I use NDEigensystem after manually shifting the potential so its bottom is at zero energy. This way the eigenvalues are automatically sorted in ascending order. In the output, I undo that shift so the eigenvalues are given on the original energy scale which has its zero at the point where the potential becomes non-binding.
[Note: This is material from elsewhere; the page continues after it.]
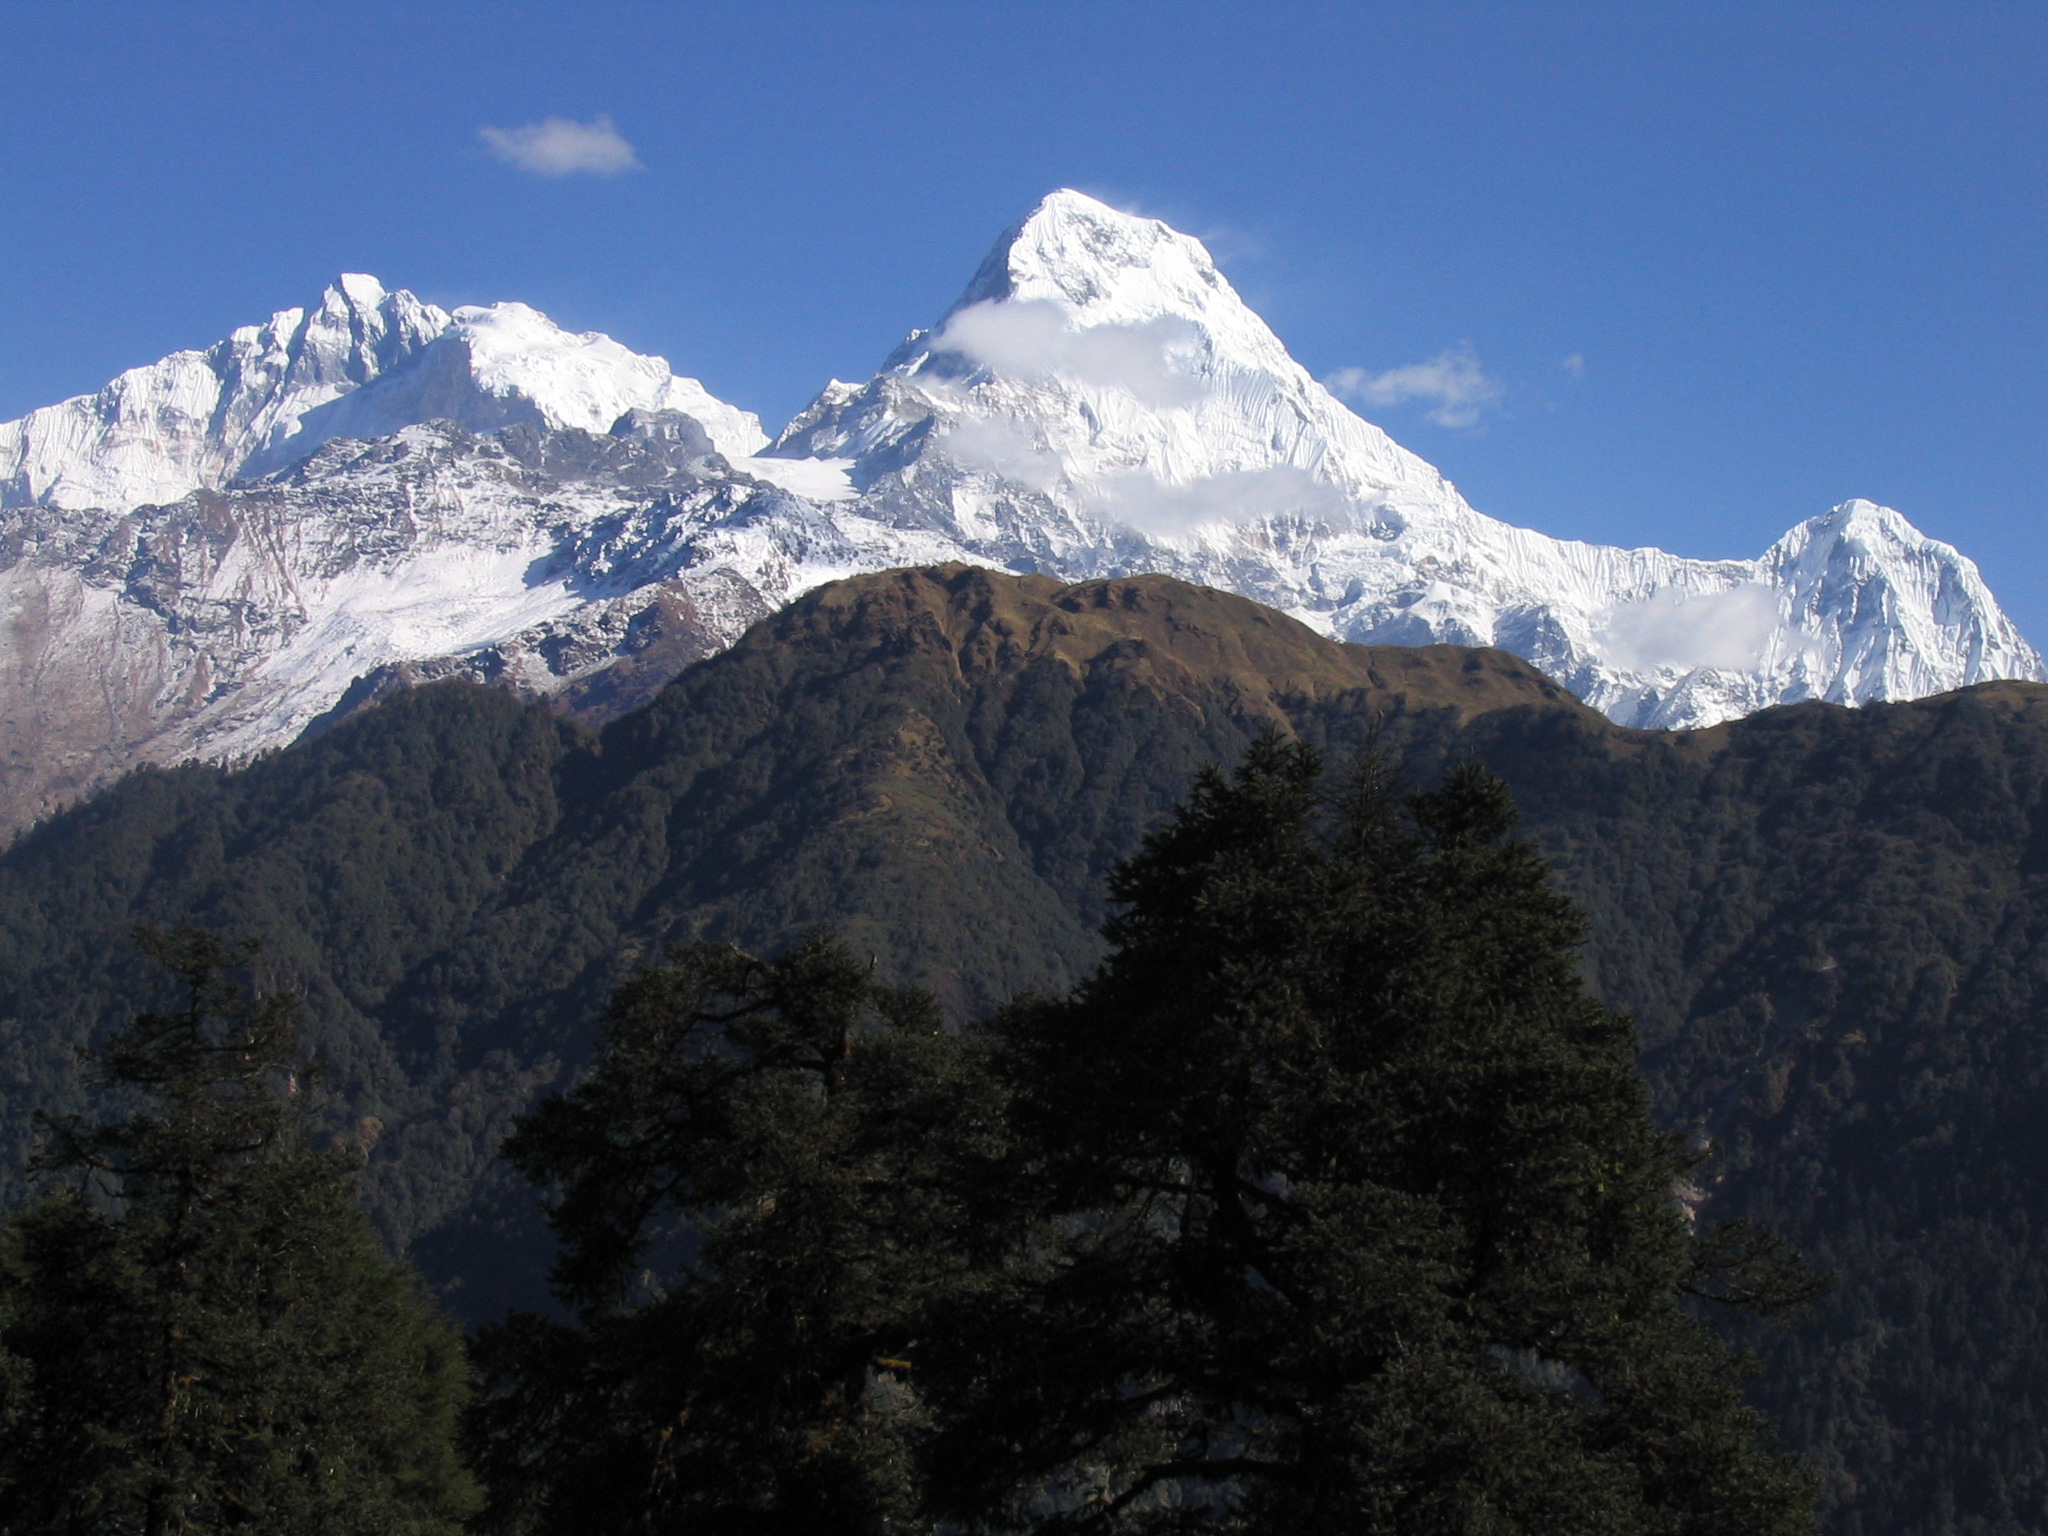 Annapurna (8091m) from Poon Hill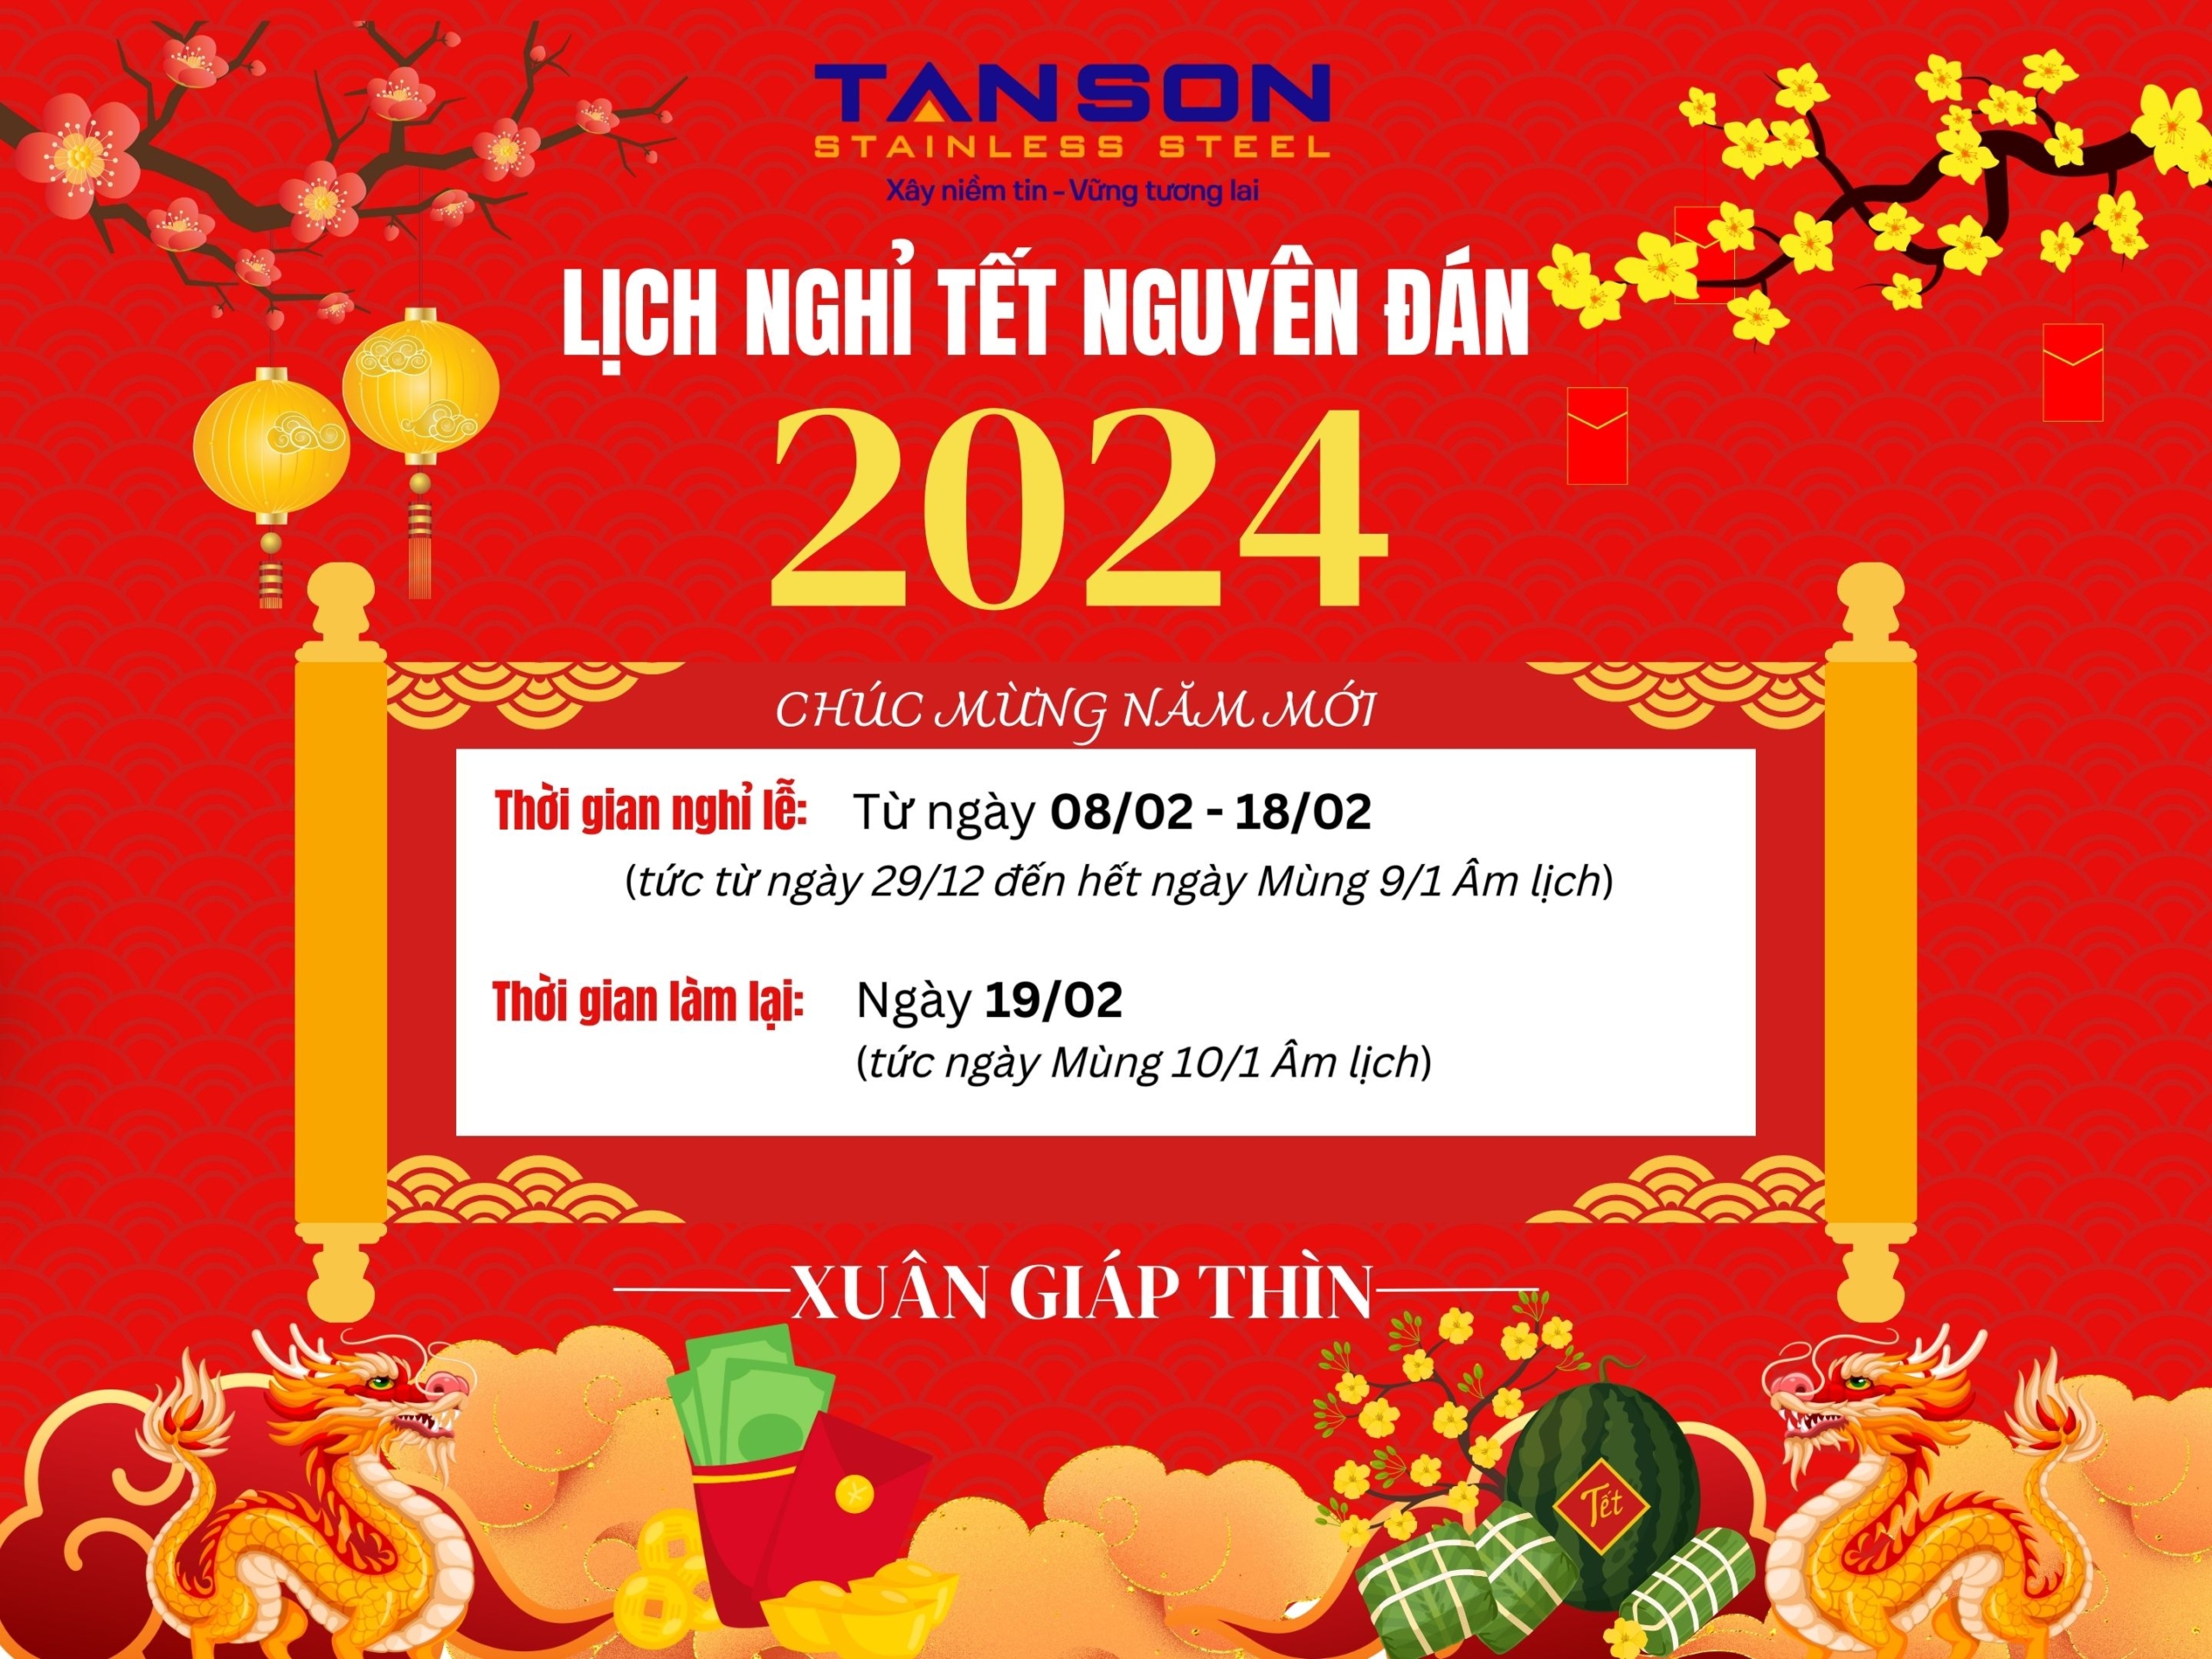 inoxtanson thong bao lich nghi le tet nguyen dan am lich nam 2024 official scaled

You can see that the largest eigenvalue is above zero, so that all the results up to this value represent the complete list of bound states.

In the second half of the code, I plot the eigenfunctions, superimposed on the potential with a baseline corresponding to their eigenvalue.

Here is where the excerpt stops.